Psychologist, logician, and mathematician Christine Ladd-Franklin was born to parents Eliphalet and Augusta (Niles) Ladd in Windsor, Connecticut on December 1, 1847. Eliphalet Ladd, a Windsor merchant, was the nephew of William Ladd, the founder of the American Peace Society, while Augusta Niles Ladd was the niece of John Milton Niles, founder of the Hartford Times and Postmaster-General under President Van Buren.
Traveling between Windsor, New York City, and Portsmouth, New Hampshire, Ladd-Franklin attended Elm Grove School in Poquonock before graduating as valedictorian of her Wesleyan Academy class in Wilbraham, Massachusetts. While completing her undergraduate degree at Vassar College, from which she graduated in 1869, Ladd-Franklin studied under the well-known astronomer Maria Mitchell. Seeking to pursue an advanced degree, she applied to the newly formed Johns Hopkins University in 1878, despite the fact that the university barred women from admission. Although her passion was physics, the exclusion of women from research laboratories led to her pursuit of mathematics. As a result of the urging of the English mathematician James Joseph Sylvester, who recognized her publications from the English journal the Educational Times, Ladd-Franklin was admitted with a three year fellowship. Her graduate years continued her study of mathematics with the addition of the study of logic, psychology, and the theory of color vision. Although completing her PhD in 1882, Ladd-Franklin did not receive public acknowledgement of her degree until 1926, four years before her death.

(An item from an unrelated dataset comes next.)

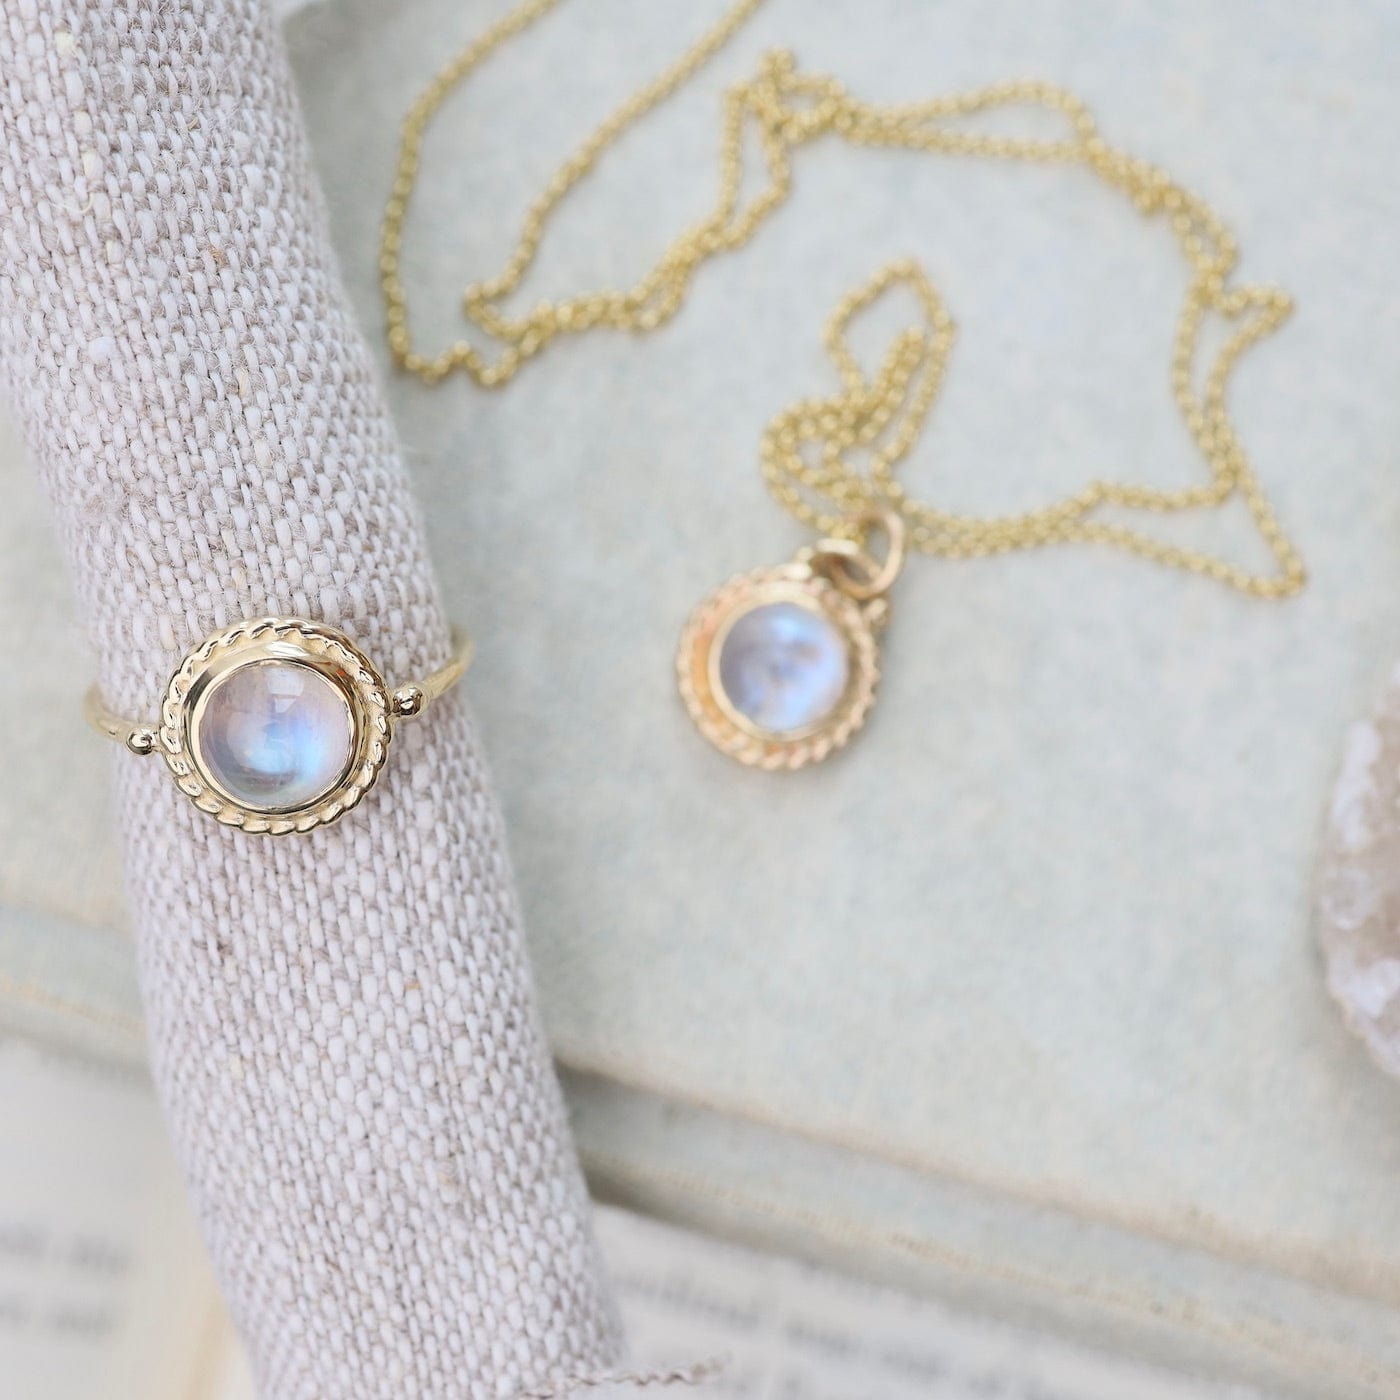 NKL-14K Gold Antiquarian Necklace with Moonstone

After completing her studies at Johns Hopkins University, Ladd-Franklin married fellow mathematician Fabian Franklin, a professor at the university. As a married woman, she was barred from official faculty appointments, but nonetheless lectured and taught at both Johns Hopkins and Columbia University throughout her career. Her dissertation work established Ladd-Franklin as a pioneer in the study of symbolic logic. In the 1890s, she traveled to Germany to study under G. E. Muller and Hermann von Helmholtz, leading to the development of her own theory of color vision. In 1893, Ladd-Franklin was one of the first two women to be elected to the American Psychological Association, and in 1909 established an endowed fellowship for female professors. Her only child, Margaret Ladd-Franklin, went on to publish a book on the history of women’s suffrage.
Christine Ladd-Franklin died of pneumonia at the age of 92 in New York on March 5, 1930.
Scope and Contents
This collection includes primary materials by and about Christine Ladd-Franklin. Items include personal notes, poetry, and newspaper clippings collected by Franklin and correspondence, the bulk of which is addressed to Franklin. Series are organized chronologically.